===== DATASET EXCERPTS

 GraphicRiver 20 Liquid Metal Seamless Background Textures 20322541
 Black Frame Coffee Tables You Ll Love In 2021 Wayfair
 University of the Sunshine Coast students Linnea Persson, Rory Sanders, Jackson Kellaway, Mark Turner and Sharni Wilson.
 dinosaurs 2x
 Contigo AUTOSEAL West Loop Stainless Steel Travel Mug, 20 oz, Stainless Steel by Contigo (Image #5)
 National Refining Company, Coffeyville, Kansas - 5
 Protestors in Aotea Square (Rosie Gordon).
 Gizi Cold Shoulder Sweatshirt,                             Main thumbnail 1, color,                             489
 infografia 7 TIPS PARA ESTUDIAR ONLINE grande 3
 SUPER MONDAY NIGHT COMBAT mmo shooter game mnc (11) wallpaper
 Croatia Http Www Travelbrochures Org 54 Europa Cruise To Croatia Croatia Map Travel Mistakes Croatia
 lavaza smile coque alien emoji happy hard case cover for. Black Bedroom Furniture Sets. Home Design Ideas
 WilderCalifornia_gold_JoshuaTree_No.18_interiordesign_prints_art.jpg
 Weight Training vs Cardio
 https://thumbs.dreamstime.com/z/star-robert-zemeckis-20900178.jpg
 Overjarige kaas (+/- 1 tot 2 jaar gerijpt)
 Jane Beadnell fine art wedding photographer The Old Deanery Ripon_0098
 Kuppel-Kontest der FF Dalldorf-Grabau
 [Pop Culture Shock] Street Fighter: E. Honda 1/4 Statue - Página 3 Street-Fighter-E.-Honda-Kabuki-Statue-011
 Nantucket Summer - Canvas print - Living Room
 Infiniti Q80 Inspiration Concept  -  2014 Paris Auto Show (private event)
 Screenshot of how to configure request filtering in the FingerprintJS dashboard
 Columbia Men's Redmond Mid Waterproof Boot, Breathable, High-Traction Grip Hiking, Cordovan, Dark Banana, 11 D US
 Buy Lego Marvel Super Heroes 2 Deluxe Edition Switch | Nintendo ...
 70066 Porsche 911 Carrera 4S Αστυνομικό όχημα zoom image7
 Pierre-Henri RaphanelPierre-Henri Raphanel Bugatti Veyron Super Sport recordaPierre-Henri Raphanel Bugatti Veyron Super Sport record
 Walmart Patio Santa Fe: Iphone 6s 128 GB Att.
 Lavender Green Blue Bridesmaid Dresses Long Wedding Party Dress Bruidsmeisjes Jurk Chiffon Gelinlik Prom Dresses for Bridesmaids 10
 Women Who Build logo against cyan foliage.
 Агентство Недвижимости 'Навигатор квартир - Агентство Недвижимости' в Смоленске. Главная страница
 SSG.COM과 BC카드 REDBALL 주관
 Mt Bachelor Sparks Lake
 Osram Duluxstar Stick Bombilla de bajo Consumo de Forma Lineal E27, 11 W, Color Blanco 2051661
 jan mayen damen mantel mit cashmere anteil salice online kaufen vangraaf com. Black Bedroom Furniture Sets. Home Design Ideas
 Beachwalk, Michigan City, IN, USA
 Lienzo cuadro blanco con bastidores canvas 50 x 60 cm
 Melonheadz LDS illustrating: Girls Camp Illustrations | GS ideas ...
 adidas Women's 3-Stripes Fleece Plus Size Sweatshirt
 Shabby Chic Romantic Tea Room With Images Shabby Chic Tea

==========

• EXERCISE: Quote all the records. Keep every word exact.

• ANSWER TO THIS TASK:
 GraphicRiver 20 Liquid Metal Seamless Background Textures 20322541
 Black Frame Coffee Tables You Ll Love In 2021 Wayfair
 University of the Sunshine Coast students Linnea Persson, Rory Sanders, Jackson Kellaway, Mark Turner and Sharni Wilson.
 dinosaurs 2x
 Contigo AUTOSEAL West Loop Stainless Steel Travel Mug, 20 oz, Stainless Steel by Contigo (Image #5)
 National Refining Company, Coffeyville, Kansas - 5
 Protestors in Aotea Square (Rosie Gordon).
 Gizi Cold Shoulder Sweatshirt,                             Main thumbnail 1, color,                             489
 infografia 7 TIPS PARA ESTUDIAR ONLINE grande 3
 SUPER MONDAY NIGHT COMBAT mmo shooter game mnc (11) wallpaper
 Croatia Http Www Travelbrochures Org 54 Europa Cruise To Croatia Croatia Map Travel Mistakes Croatia
 lavaza smile coque alien emoji happy hard case cover for. Black Bedroom Furniture Sets. Home Design Ideas
 WilderCalifornia_gold_JoshuaTree_No.18_interiordesign_prints_art.jpg
 Weight Training vs Cardio
 https://thumbs.dreamstime.com/z/star-robert-zemeckis-20900178.jpg
 Overjarige kaas (+/- 1 tot 2 jaar gerijpt)
 Jane Beadnell fine art wedding photographer The Old Deanery Ripon_0098
 Kuppel-Kontest der FF Dalldorf-Grabau
 [Pop Culture Shock] Street Fighter: E. Honda 1/4 Statue - Página 3 Street-Fighter-E.-Honda-Kabuki-Statue-011
 Nantucket Summer - Canvas print - Living Room
 Infiniti Q80 Inspiration Concept  -  2014 Paris Auto Show (private event)
 Screenshot of how to configure request filtering in the FingerprintJS dashboard
 Columbia Men's Redmond Mid Waterproof Boot, Breathable, High-Traction Grip Hiking, Cordovan, Dark Banana, 11 D US
 Buy Lego Marvel Super Heroes 2 Deluxe Edition Switch | Nintendo ...
 70066 Porsche 911 Carrera 4S Αστυνομικό όχημα zoom image7
 Pierre-Henri RaphanelPierre-Henri Raphanel Bugatti Veyron Super Sport recordaPierre-Henri Raphanel Bugatti Veyron Super Sport record
 Walmart Patio Santa Fe: Iphone 6s 128 GB Att.
 Lavender Green Blue Bridesmaid Dresses Long Wedding Party Dress Bruidsmeisjes Jurk Chiffon Gelinlik Prom Dresses for Bridesmaids 10
 Women Who Build logo against cyan foliage.
 Агентство Недвижимости 'Навигатор квартир - Агентство Недвижимости' в Смоленске. Главная страница
 SSG.COM과 BC카드 REDBALL 주관
 Mt Bachelor Sparks Lake
 Osram Duluxstar Stick Bombilla de bajo Consumo de Forma Lineal E27, 11 W, Color Blanco 2051661
 jan mayen damen mantel mit cashmere anteil salice online kaufen vangraaf com. Black Bedroom Furniture Sets. Home Design Ideas
 Beachwalk, Michigan City, IN, USA
 Lienzo cuadro blanco con bastidores canvas 50 x 60 cm
 Melonheadz LDS illustrating: Girls Camp Illustrations | GS ideas ...
 adidas Women's 3-Stripes Fleece Plus Size Sweatshirt
 Shabby Chic Romantic Tea Room With Images Shabby Chic Tea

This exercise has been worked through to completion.